On 2019/3/6 上午5:33, Willem de Bruijn wrote:
On Tue, Mar 5, 2019 at 4:03 PM Arthur Kepner <arthur.kep...@riverbed.com> wrote:
The attachment contains an UNTESTED patch (though a similar patch was tested
with a
3.10 kernel).
We've been chasing a bug where packet corruption is seen on a tap device. We
have a
PACKET_MMAP socket which is bound to a tap interface. When throughput goes
above a
threshold, we begin to see that packets received on the tap device are
truncated, or
otherwise corrupted. We found that when packets are enqueued to the tap device,
they
are fine, but by the time they are read, they can be corrupted.
And we found that simply deferring the call to skb_orphan() (where the
destructor,
tpacket_destruct_skb() marks the frame as TP_STATUS_AVAILABLE) fixes the
problem.
Maybe there's a better fix, but this worked for us.
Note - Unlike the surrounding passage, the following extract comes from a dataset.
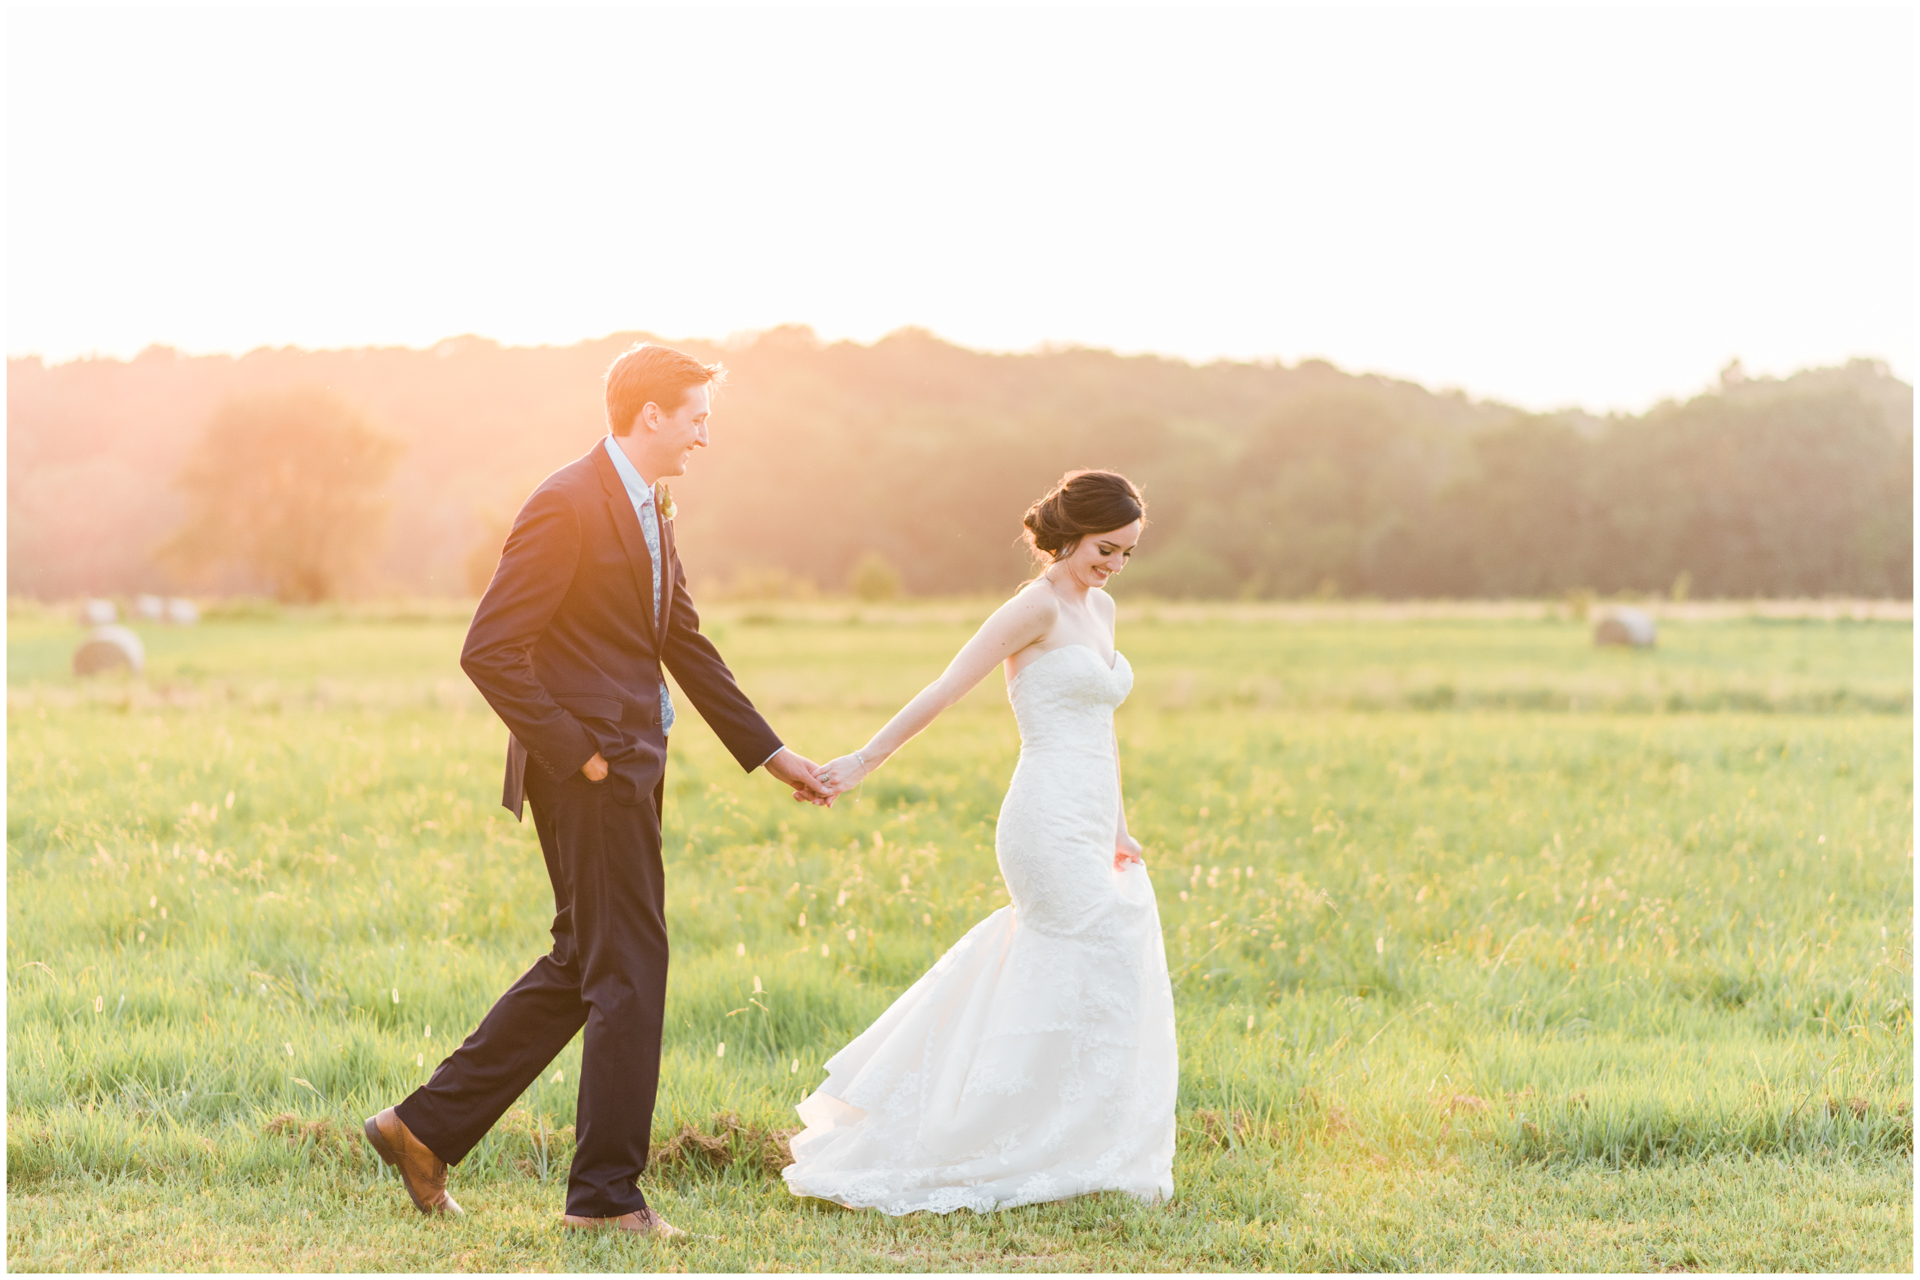  Harvest Hollow Venue and Farm Wedding - Huntsville Alabama Wedding Photography - Golden Hour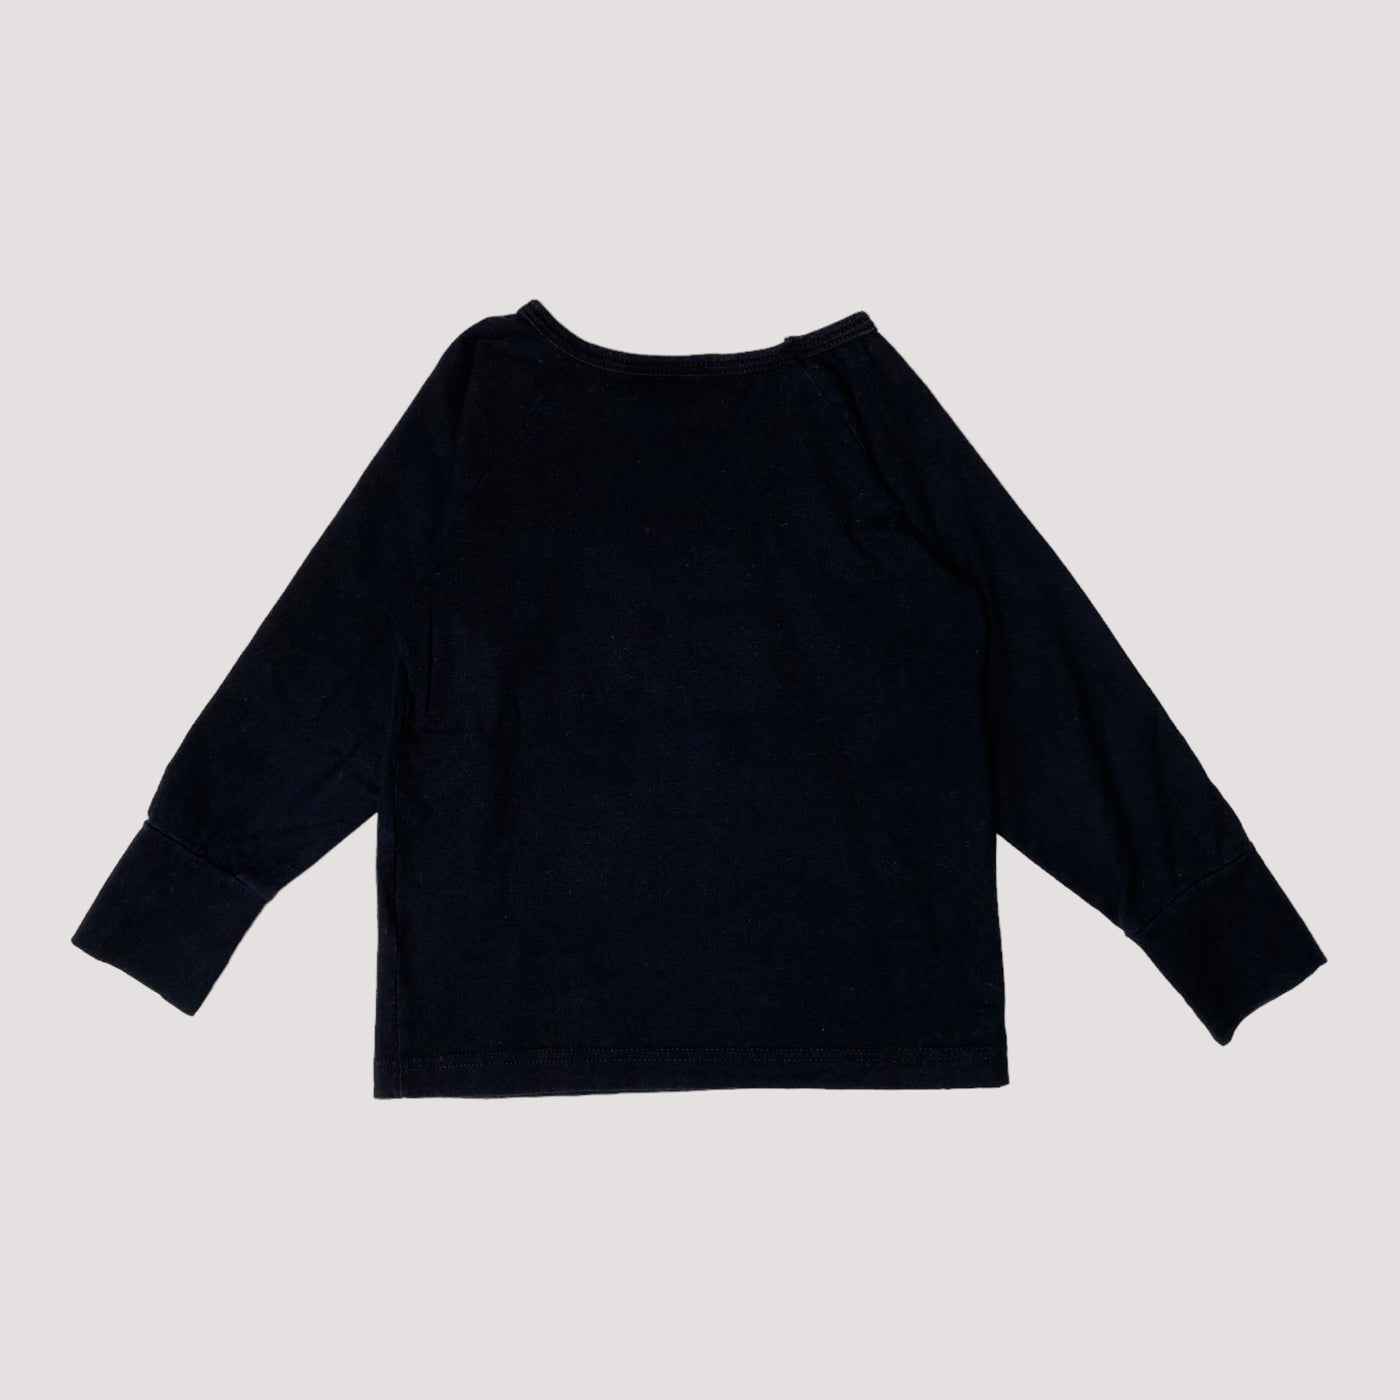 Papu shirt, black | 86/92cm

Thoughts? (Please CC me on
replies - I'm not
subscribed.)
The skb_orphan calls tpacket_destruct_skb, which updates the entry in
the packet ring to TP_STATUS_AVAILABLE.
Thanks for the report and suggested fix. Delaying the call to
skb_orphan reduces the race condition between release and read, but
does not fully remove it.
As of commit 5cd8d46ea156 ("packet: copy user buffers before orphan
or clone") in 4.20 this should no longer be an issue.
That reuses the msg_zerocopy infrastructure also for packet ring
packets with shared memory. And creates a private copy whenever these
may be looped to a local destination that may queue indefinitely, like
tun.
+1 and if possible the commit should be backported to 3.10. (Or try
vhost + TAP instead of packet mmap).
Thanks